I doubt very much whether the actual presence of diacetyl has any relevance to clarity.
 
You bring up a good point. I've always moved the carboy from the fermentation freezer to it's racking position about 4 hrs before racking to secondary or keg...it definitely helps. When dry hopping, I drop the temp to 50 after fermentation is done, in order to get rid of as much yeast as possible before transferring to secondary to dry hop.
 
thanks for the input so far on the mash guys. I am stuck with the dry yeast for now(No LHBS on an island in middle of pacific ocean). I will pitch it rehydrated into chilled wort two packs per 5 gal. I can use this temp controlled freezer to lager after kegging the beer, but my kegerator has lots of room in it and we pay more for electric than anyplace else in the US. Any reason not to lager at 38- 40 degrees?
 
thanks for the input so far on the mash guys.

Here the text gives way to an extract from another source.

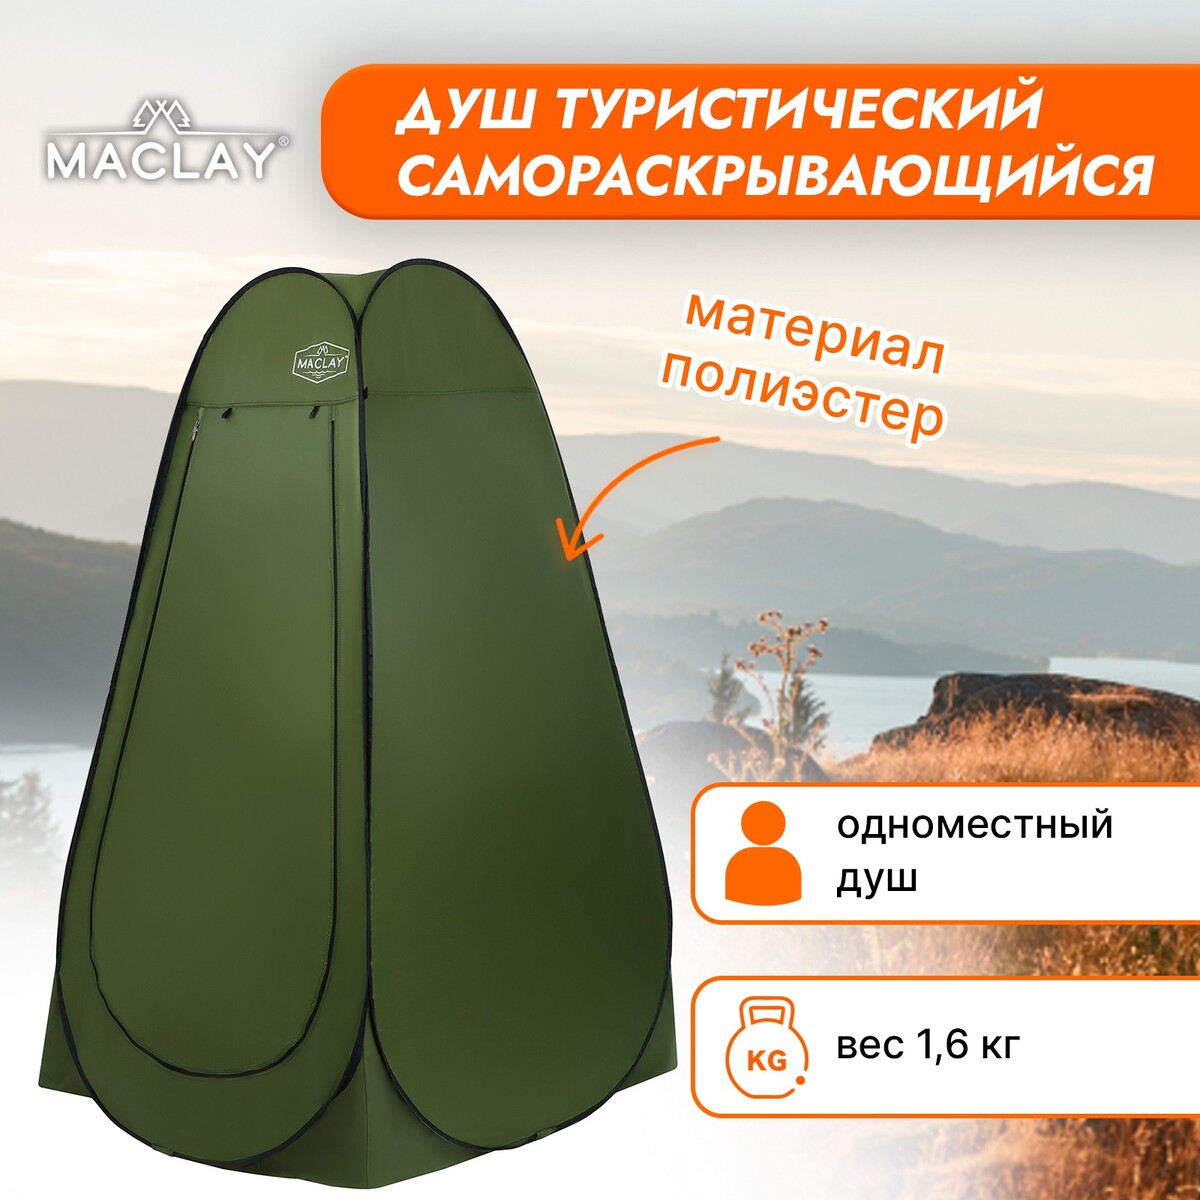 Палатка туристическая maclay, самораскрывающаяся, для душа, 120х120х195 см, цвет зеленый палатка туристическая аtemi kama 5c

I am stuck with the dry yeast for now(No LHBS on an island in middle of pacific ocean). I will pitch it rehydrated into chilled wort two packs per 5 gal. I can use this temp controlled freezer to lager after kegging the beer, but my kegerator has lots of room in it and we pay more for electric than anyplace else in the US. Any reason not to lager at 38- 40 degrees?

Nah, should be fine lagering at those temps. Good luck and enjoy!